MicroRNAs miR-21 and miR-217 are Important in the Spread of Cellular Senescence via Cell Signaling
Researchers here show that miR-21 and miR-217 are important in the way in which senescent cells can encourage nearby cells to also become senescent. These microRNAs are carried between cells via extracellular vesicles, small membrane-bound packages of molecules that might constitute the bulk of cell signaling activity. The research community has of late given a lot more attention to vesicle based signaling in a number of contexts. It remains to be seen whether or not discoveries in this part of the field will lead, in the near future, to effective points of intervention in the matter of senescent cell accumulation with age or in cancer.
Cellular senescence is considered as a hallmark of ageing and a major risk factor for the development of the most common age-related diseases (ARDs). Senescent cells (SCs) are characterised by a significantly reduced replicative potential and by the acquisition of a pro-inflammatory senescence-associated secretory phenotype (SASP), which involves the paracrine induction of a senescent state in younger cells through a "bystander effect". Since this effect fuels inflammaging - the systemic, low-grade, chronic inflammation that accompanies human ageing - it appears to be a critical step in SC accumulation during organismal ageing.
Senescence modulation by microRNAs (miRNAs) is a major senescence-related epigenetic mechanism. This has been suggested, among other findings, by the identification of discrete miRNA signatures associated with senescence in different cell types and by the fact that living cells can actively release extracellular vesicles (EVs), which contain different species and amounts of non-coding RNAs. EVs seem to reflect the molecular characteristics of their cells of origin and to modulate the phenotype of recipient cells both in a paracrine and in a systemic manner.
This study was devised to unravel the relative contribution of EVs released from senescent ECs in spreading pro-senescence signals to proliferating cells via their miRNA cargo. Based on the evidence that the in vitro replicative senescence of ECs substantially mimics the progressive age-related impairment of endothelial function described in vivo, we set out to identify the miRNAs that are differentially expressed in senescent and non-senescent human umbilical vein endothelial cells (HUVECs) and their EVs.
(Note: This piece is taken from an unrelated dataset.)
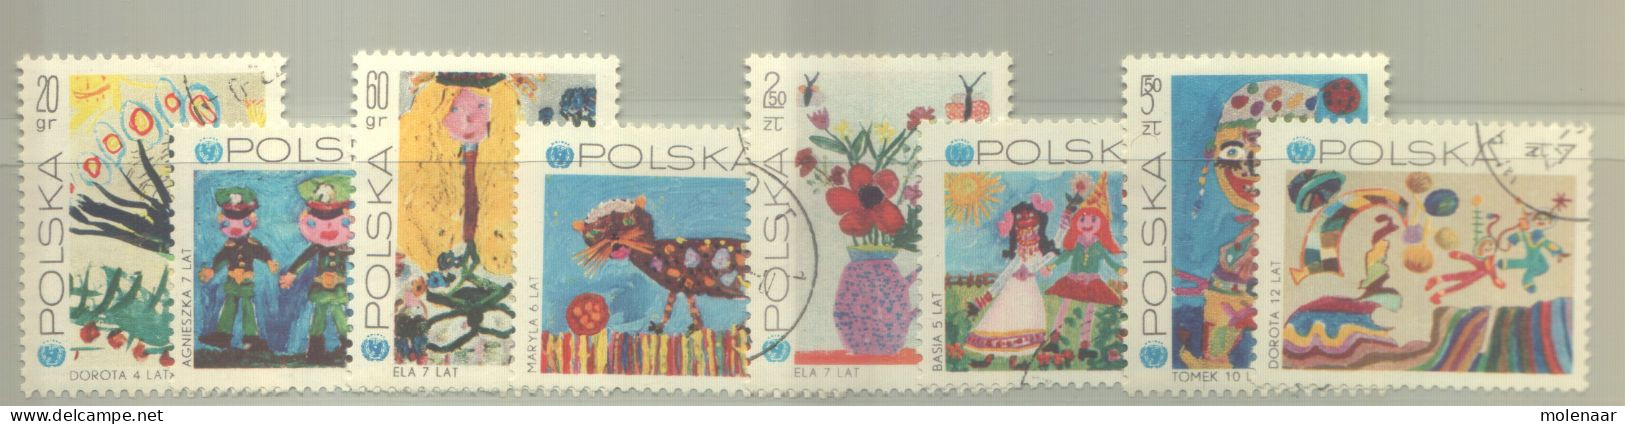 Postzegels > Europa > Polen > 1944-.... Republiek > 1981-90 > Gebruikt 2075-2082 (12193) - Usati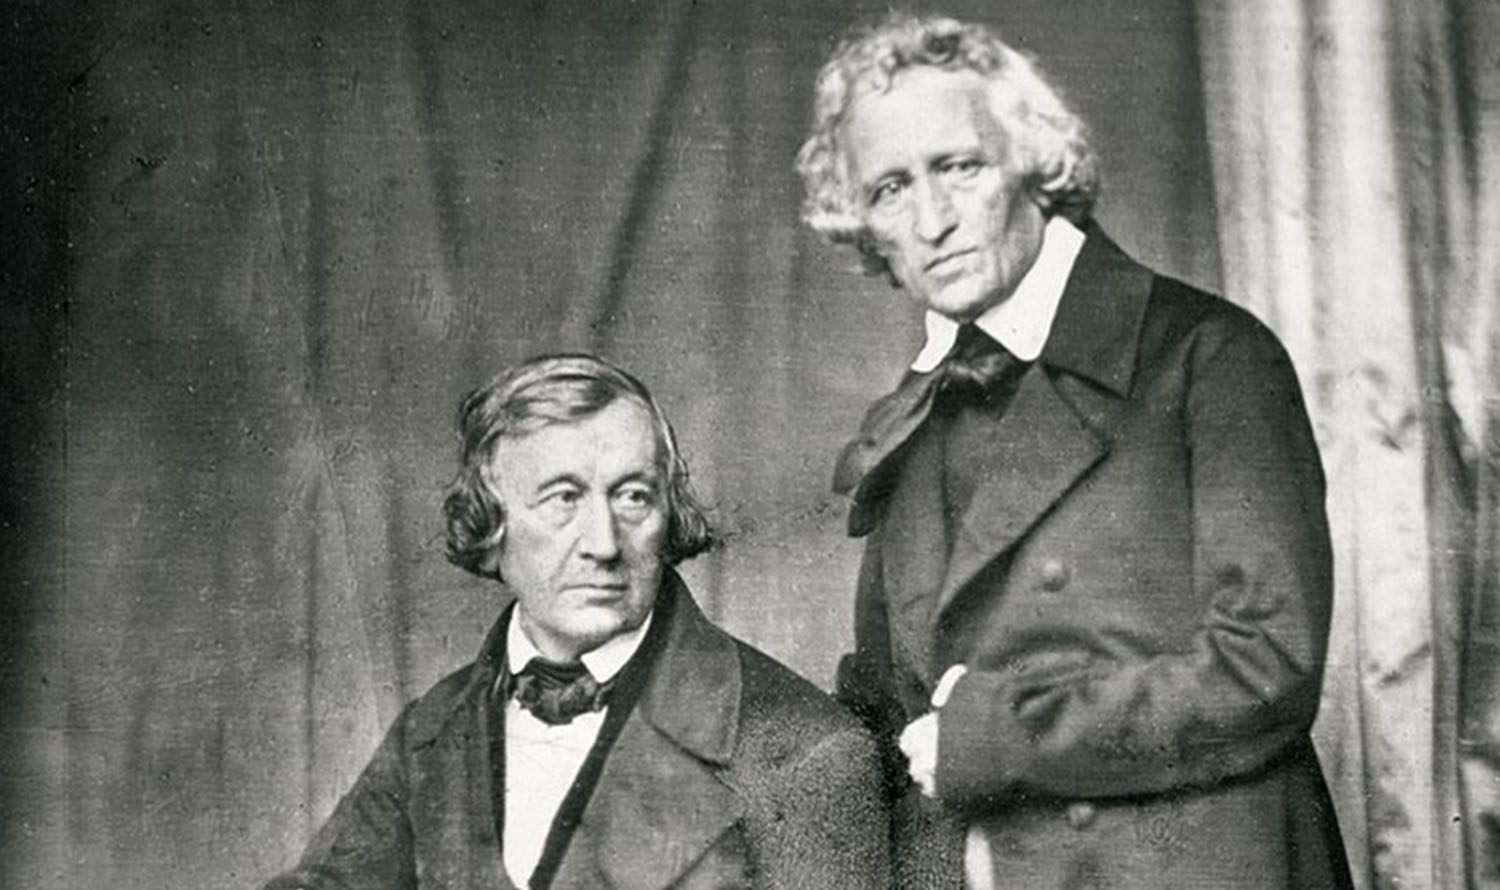 Czarno-biała fotografia braci Grimm.

MicroRNA profiling of small EVs (sEVs) and large EVs demonstrated that senescent cells release a significantly greater sEV number than control cells. sEVs were enriched in miR-21-5p and miR-217, which target DNMT1 and SIRT1. Treatment of control cells with senescent cell sEVs induced a miR-21/miR-217-related impairment of DNMT1-SIRT1 expression, the reduction of proliferation markers, the acquisition of a senescent phenotype, and a partial demethylation of the locus encoding for miR-21. MicroRNA profiling of sEVs from plasma of healthy subjects aged 40-100 years showed an inverse U-shaped age-related trend for miR-21-5p, consistent with senescence-associated biomarker profiles. Our findings suggest that miR-21-5p/miR-217 carried by senescent cell sEVs spread pro-senescence signals, affecting DNA methylation and cell replication.